Inside Apartments: Pests and Decay
Vermin infestations are repeatedly documented alongside heat and hot water failures.
Infrastructure collapse risks are also noted.
These conditions create unsafe residential environments.
They also elevate health risks.
| Metric | Watchlist | Citywide |
|---|---|---|
| B hazardous violations per unit | 4.5 | 0.8 |
| C immediately hazardous violations per unit | 2.5 | 0.2 |
Disruption Measured in Violations
Across 691 buildings housing 15,739 units, records show an average 122 open HPD violations per building from November 2024 to October 2025.
Severity clusters across properties.
B-level rates are 5.6 times higher and C-level rates are 12.5 times higher than citywide, signaling systemic neglect.
What Tenants Can Do Next: Complaints, Organizing, City Leverage
Documentation becomes leverage when tenants turn daily breakdowns into official records and public pressure.
Complaint Paper Trails
HPD and 311
Reports to HPD or 311 create a record of heat outages, hot water failures, and rodents.

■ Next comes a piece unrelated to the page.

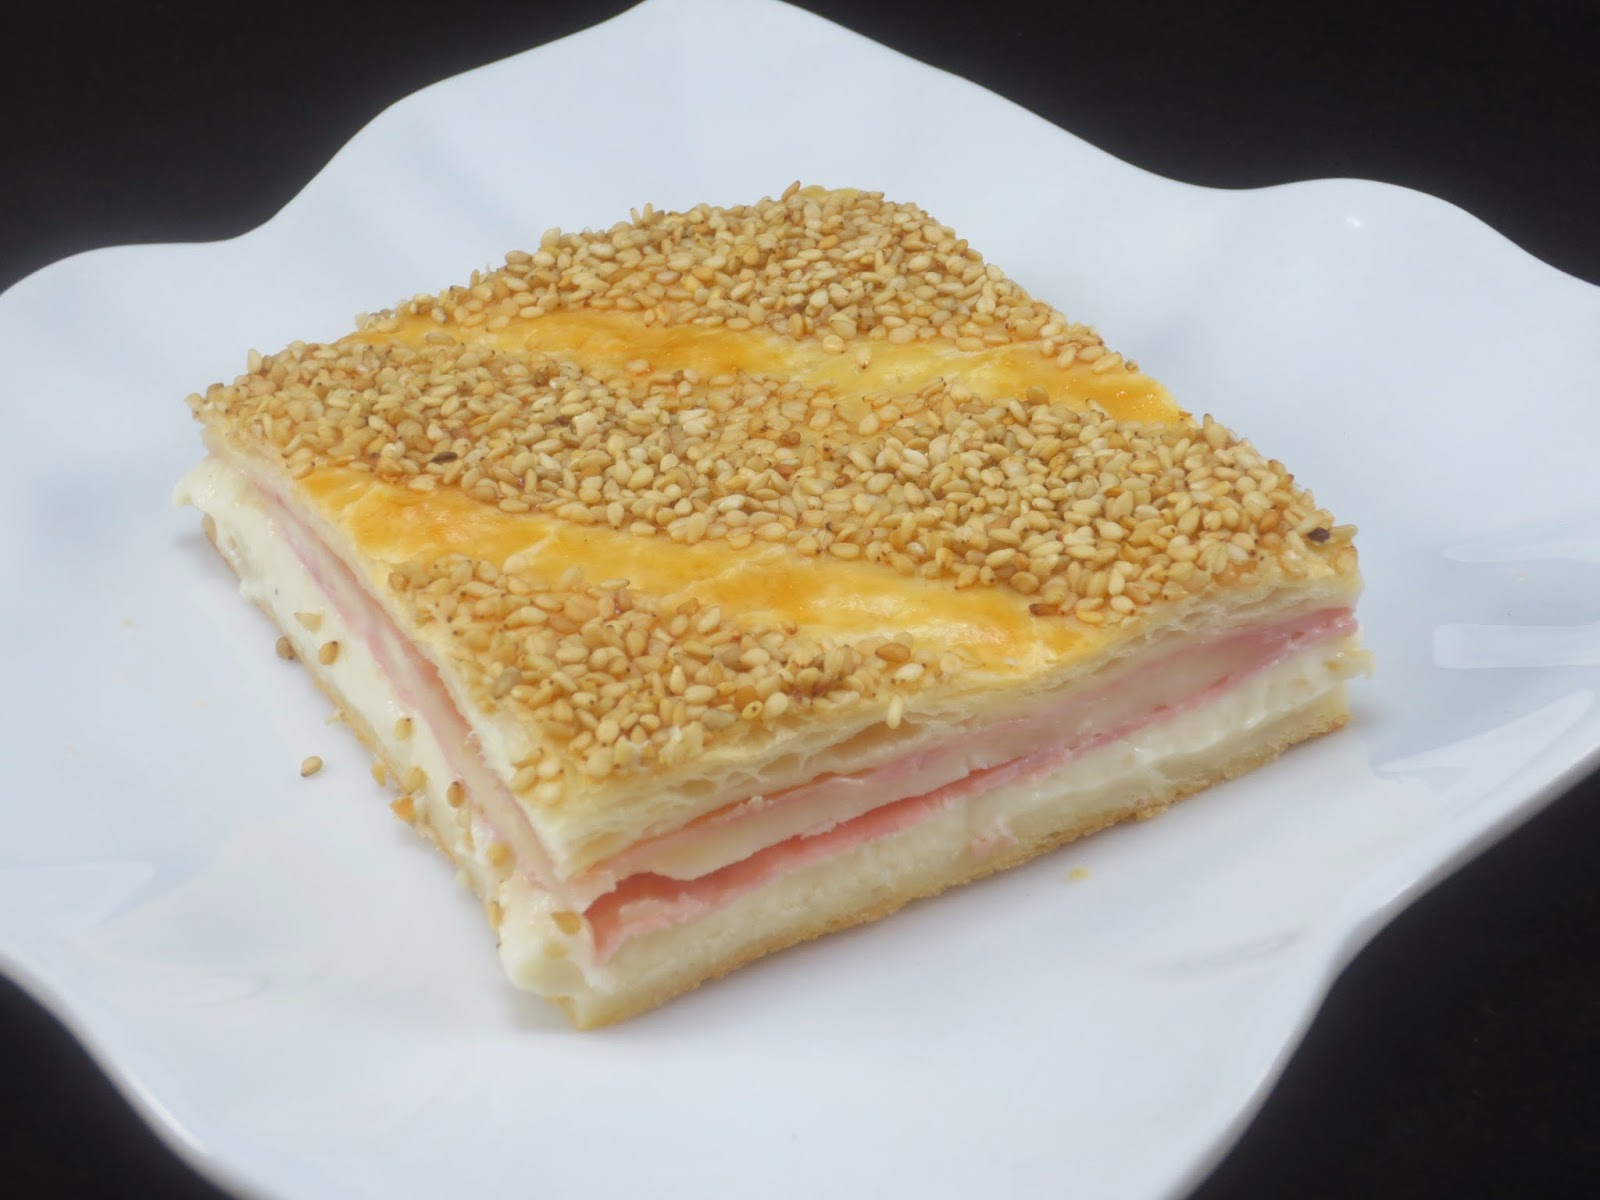 Empanada de hojaldre de jamón y queso Ana Sevilla cocina tradicional

Filing multiple reports can help keep violations open in HPD data used for the December 2024 to November 2025 ranking.
Organizing and City Pressure
Legal Assistance and Coalition Organizing
Canvassing and rallies at watchlist sites such as 80 Woodruff Ave can build tenant networks with groups like Flatbush Tenant Coalition.
In some cities, stronger tenant rules like a 90-day non-renewal notice requirement can give renters more time to organize and respond before a landlord ends a lease.
City leverage can include the Mayor’s Office to Protect Tenants, Rental Rip-Off Hearings, and Clean Hands legislation cited in negotiations.
- Track open violations on the Public Advocate site.
- Use HPD rankings to prioritize high-violation buildings.
- Document repairs after lawsuits or settlements, including A&E Real Estate cases for enforcement.
Assessment
The 2026 NYC Worst Landlord Watchlist reflects rising pressure on the city’s housing enforcement system.
With roughly 5,100 units flagged, the list highlights concentrated risk in a limited number of buildings and owners.
Reported conditions including mold, leaks, and pests signal persistent habitability failures.
Tenant complaints and organizing remain the primary triggers for inspections and penalties.
The watchlist also frames potential leverage for city agencies when targeting litigation, repairs, and expanded oversight over the year.